**EXERCISE AIM**
All of the data, except its images, should be set down exactly as it appears.

**AVAILABLE DATA**
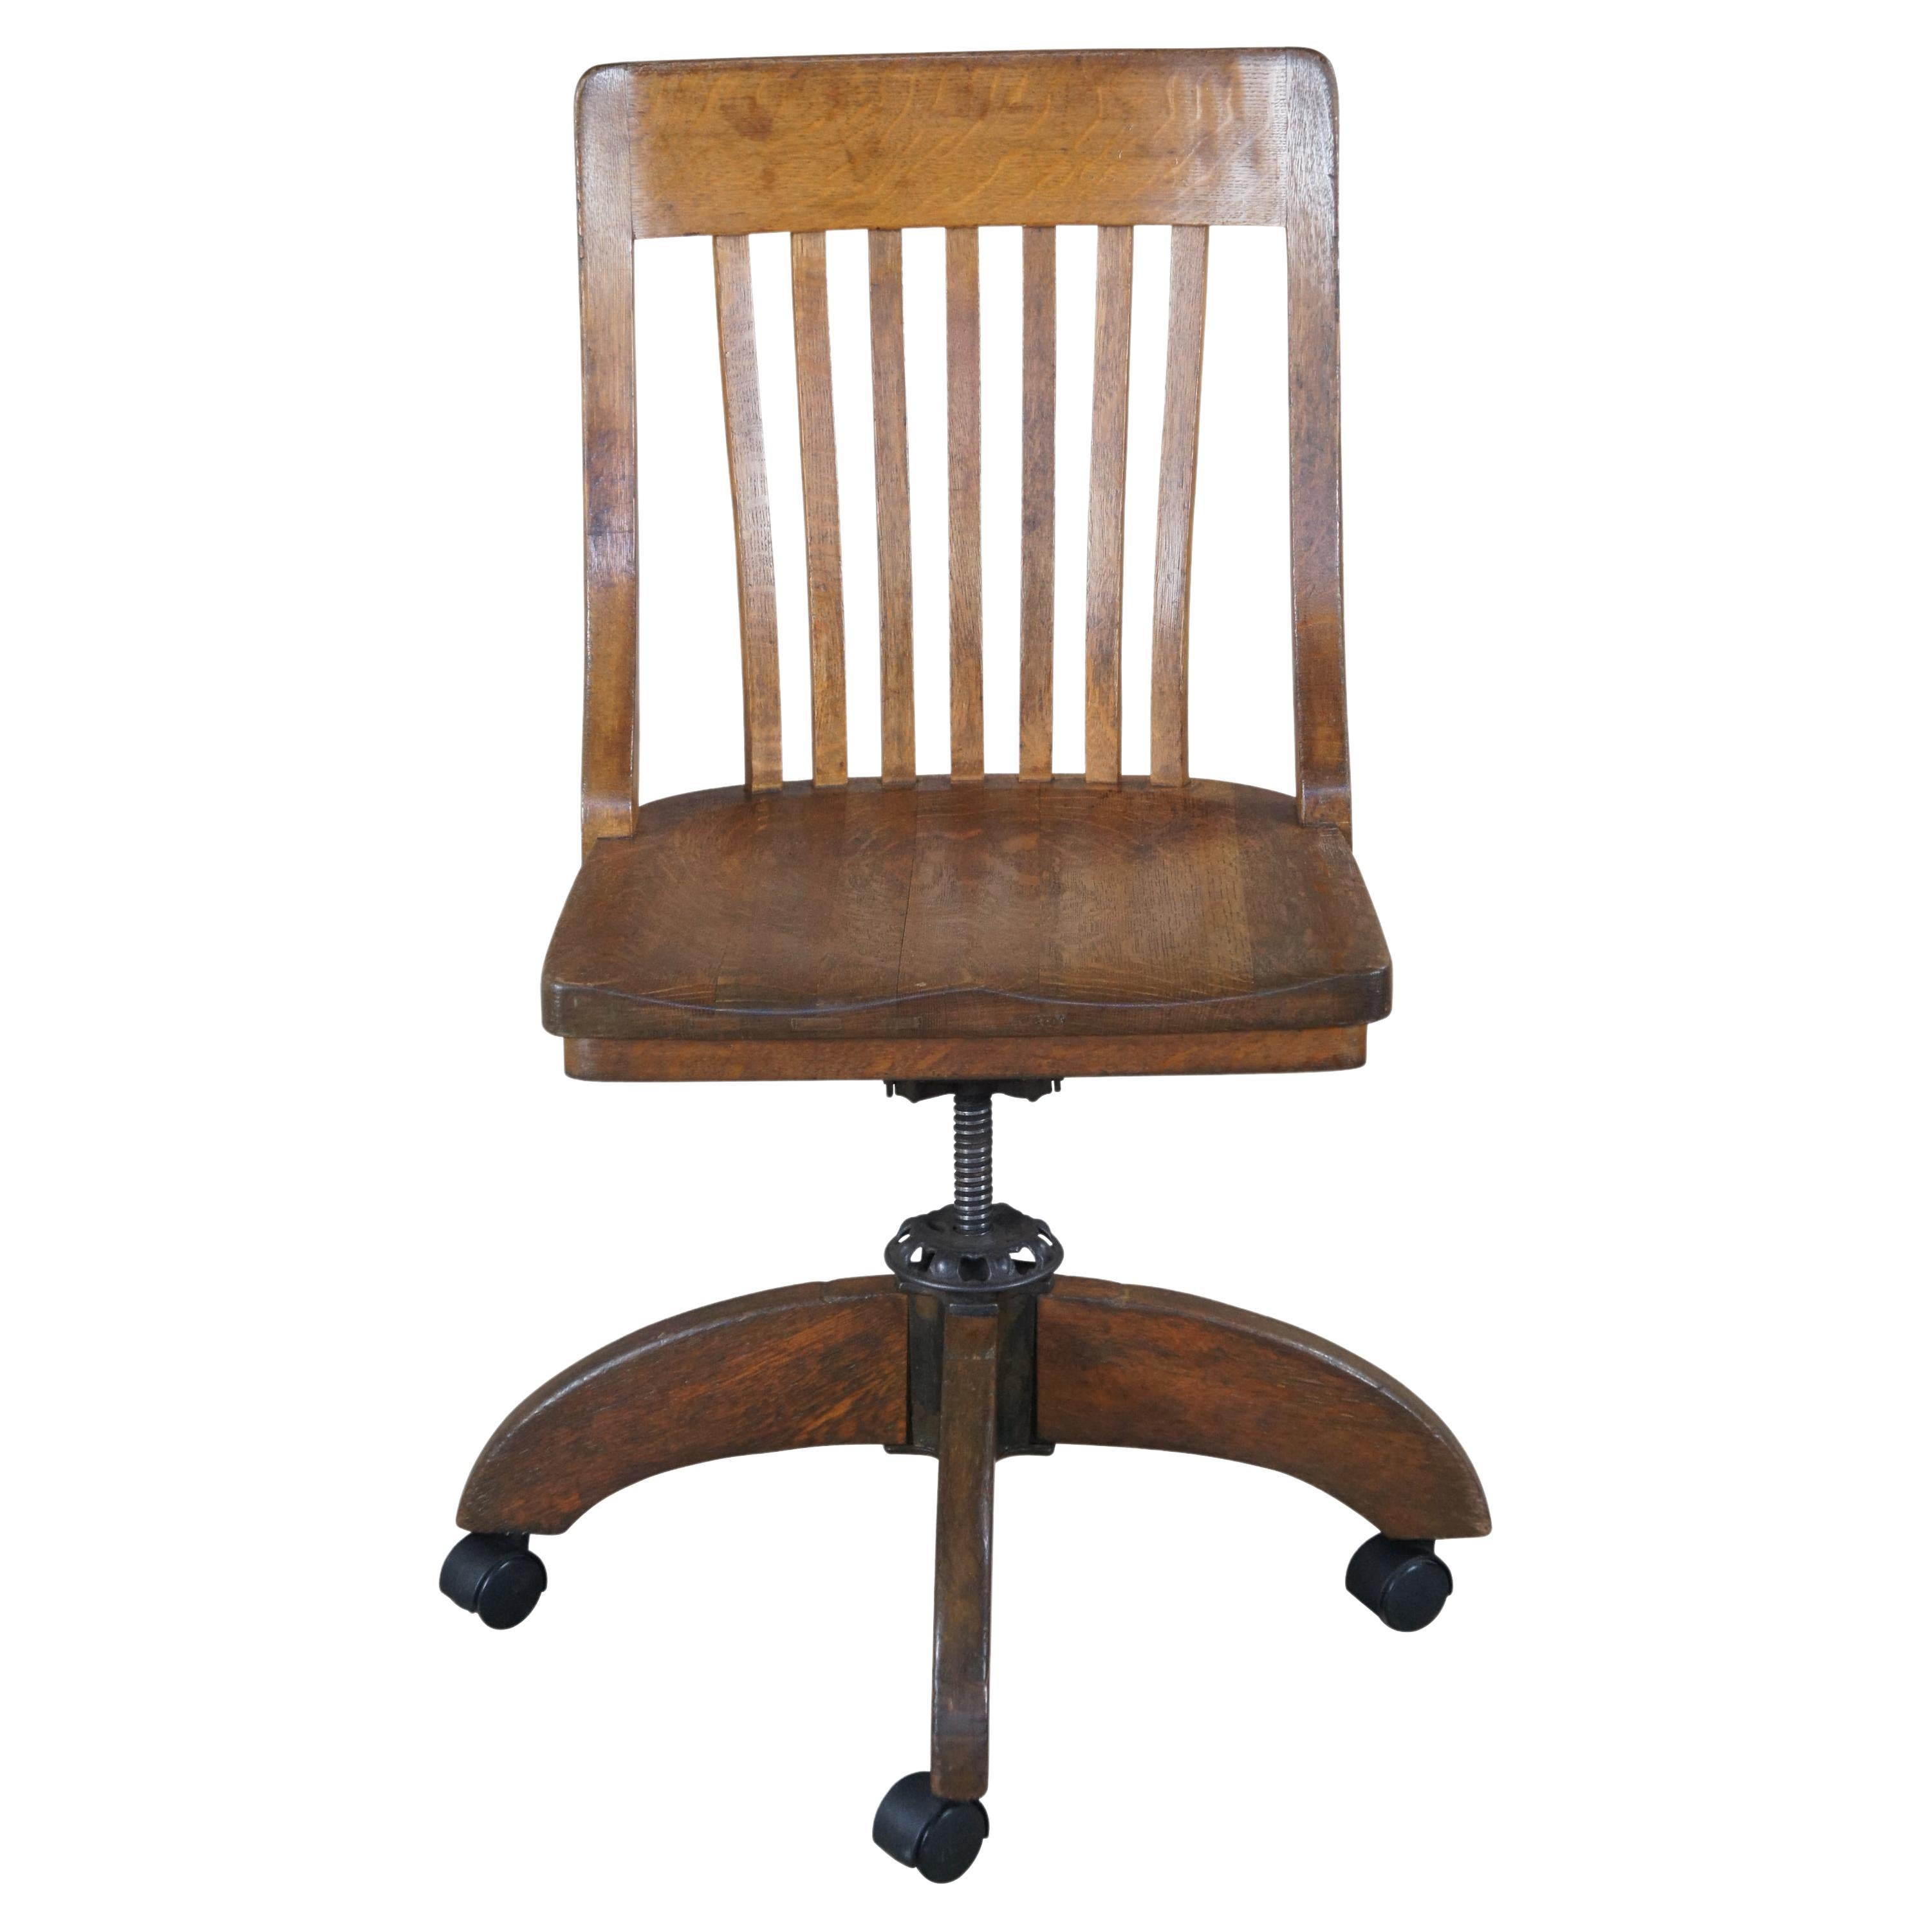 Antique W.H. Gunlocke quartersawn oak bankers / lawyers / executive desk chair featuring a slatted back and adjustable swivel recline.

William Henry Gunlocke entered the chair business in Binghamton in 1888 as a wood finisher and rose to the
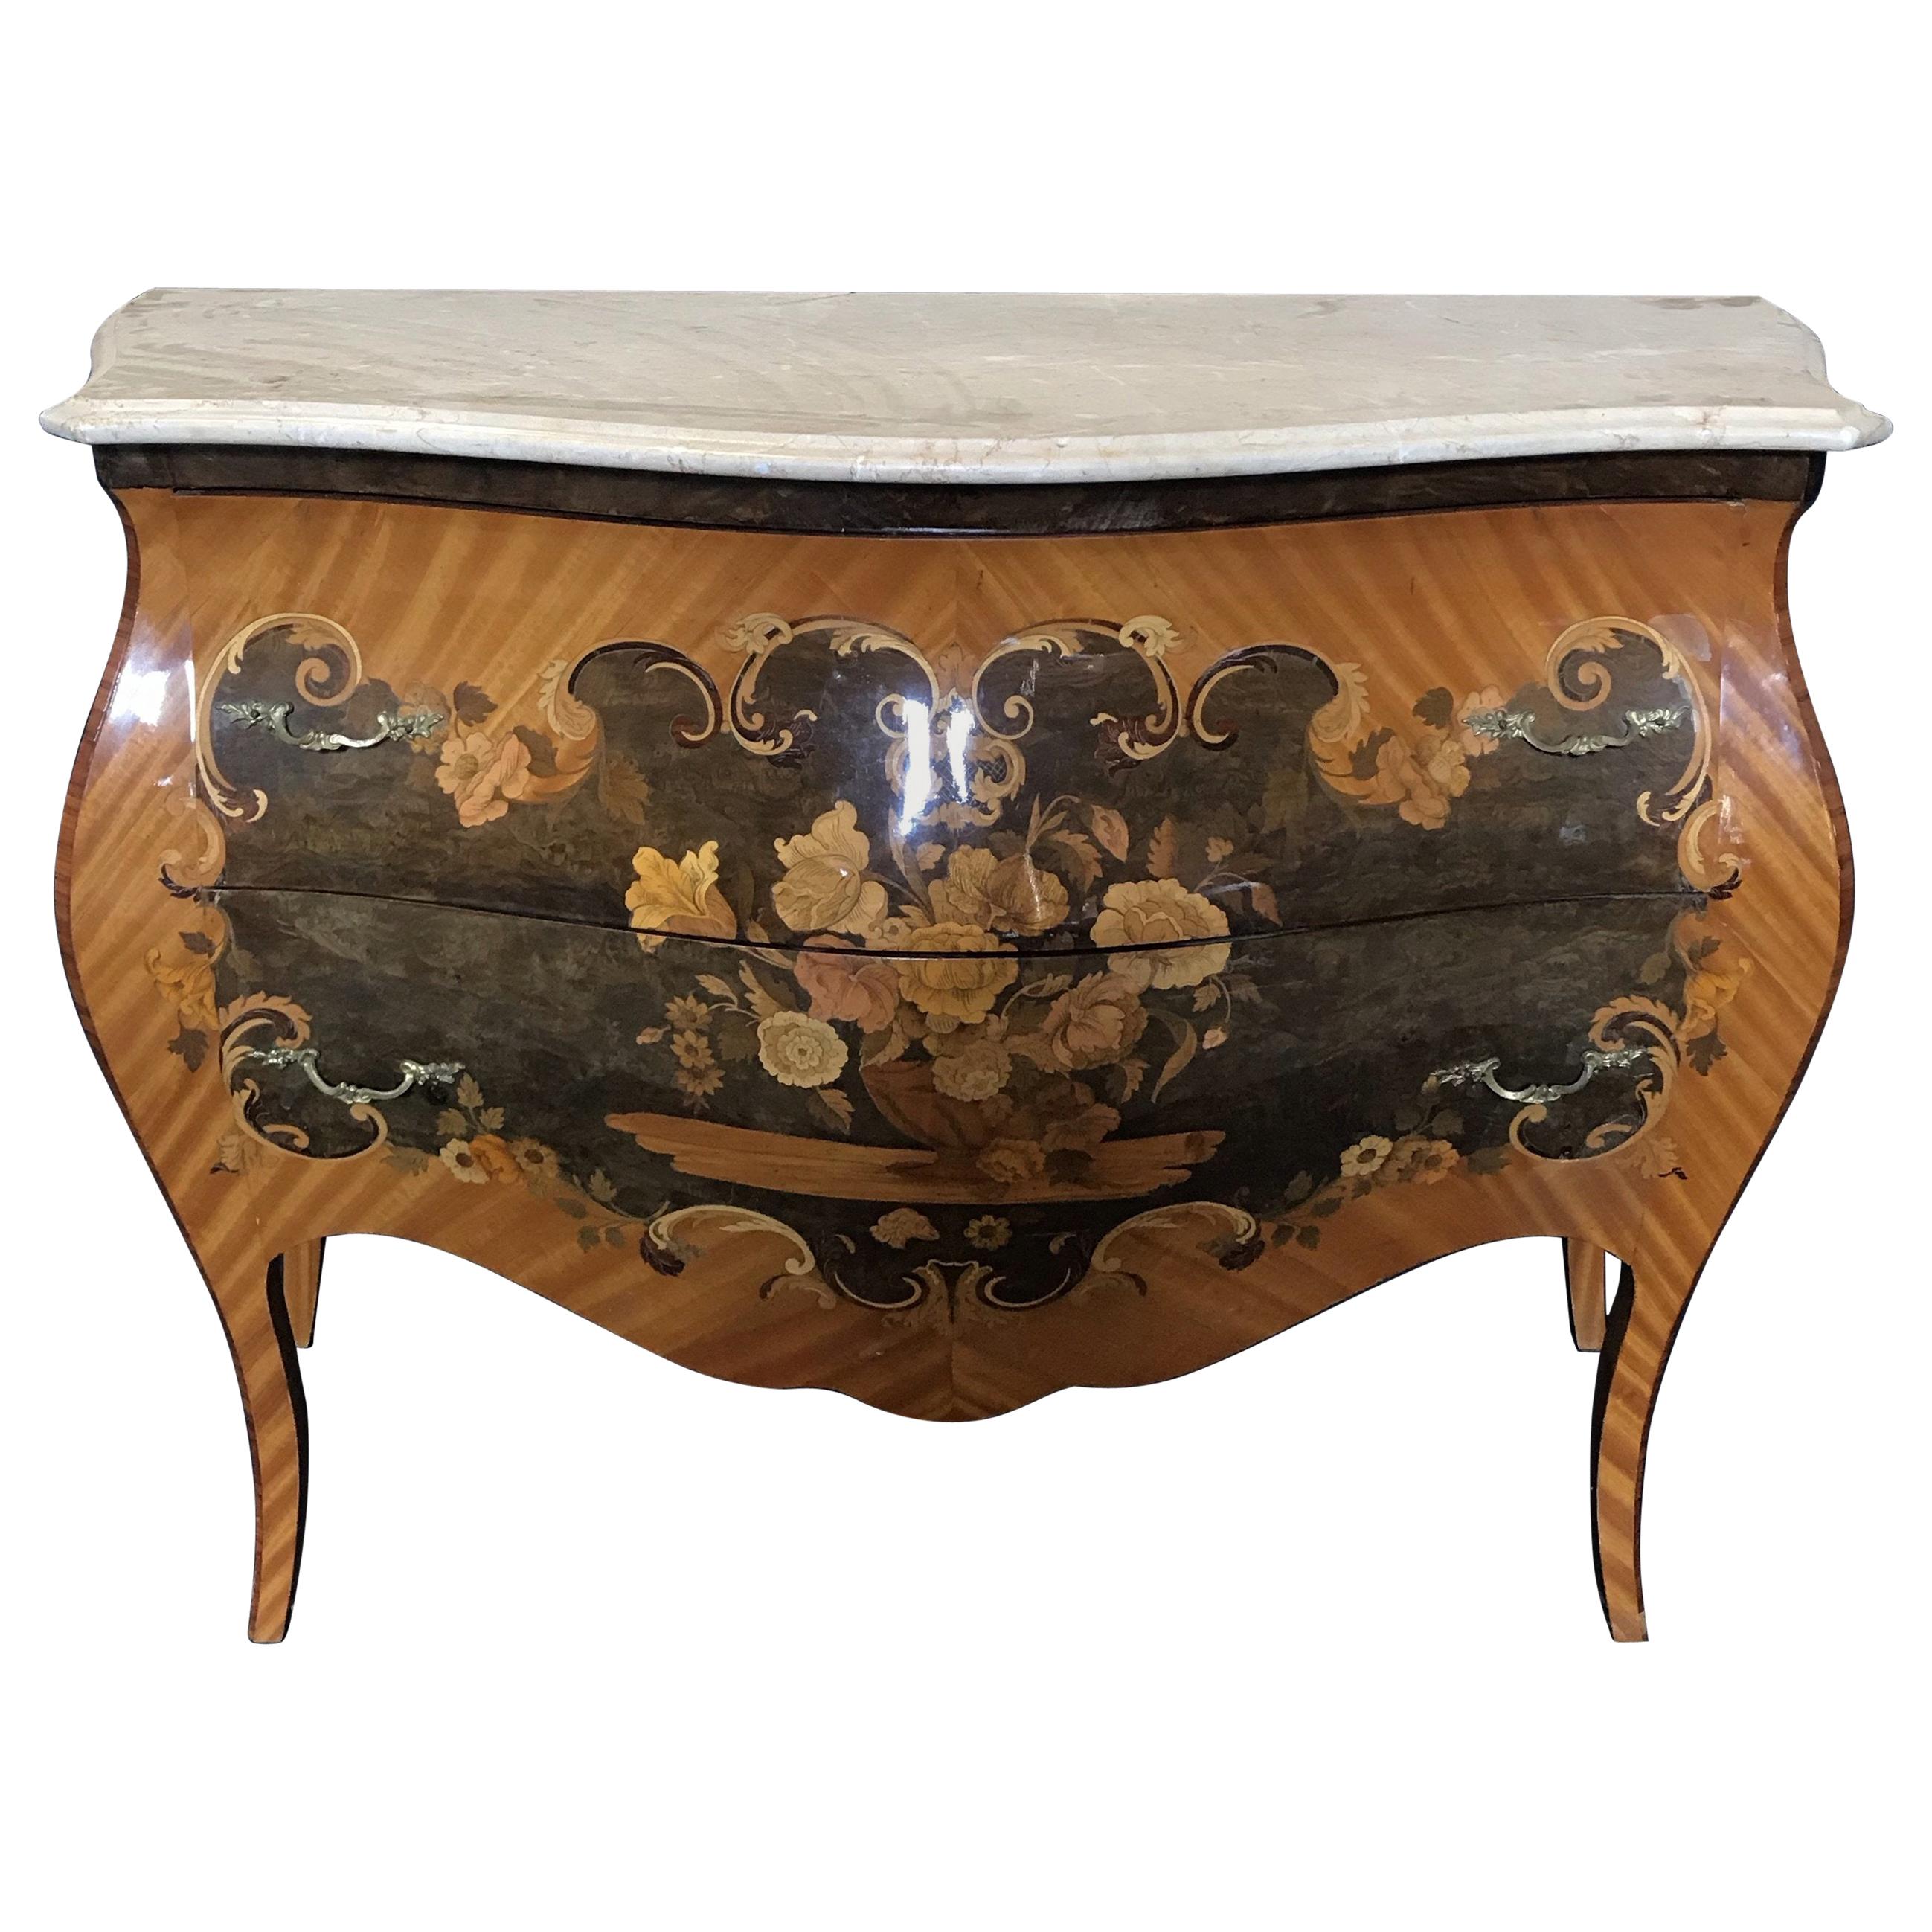 Beautiful French Marble Topped Louis XVI Bombe Commode with Intricate Marquetry

**OUTPUT BELOW**
 Antique W.H. Gunlocke quartersawn oak bankers / lawyers / executive desk chair featuring a slatted back and adjustable swivel recline.

William Henry Gunlocke entered the chair business in Binghamton in 1888 as a wood finisher and rose to the
 Beautiful French Marble Topped Louis XVI Bombe Commode with Intricate Marquetry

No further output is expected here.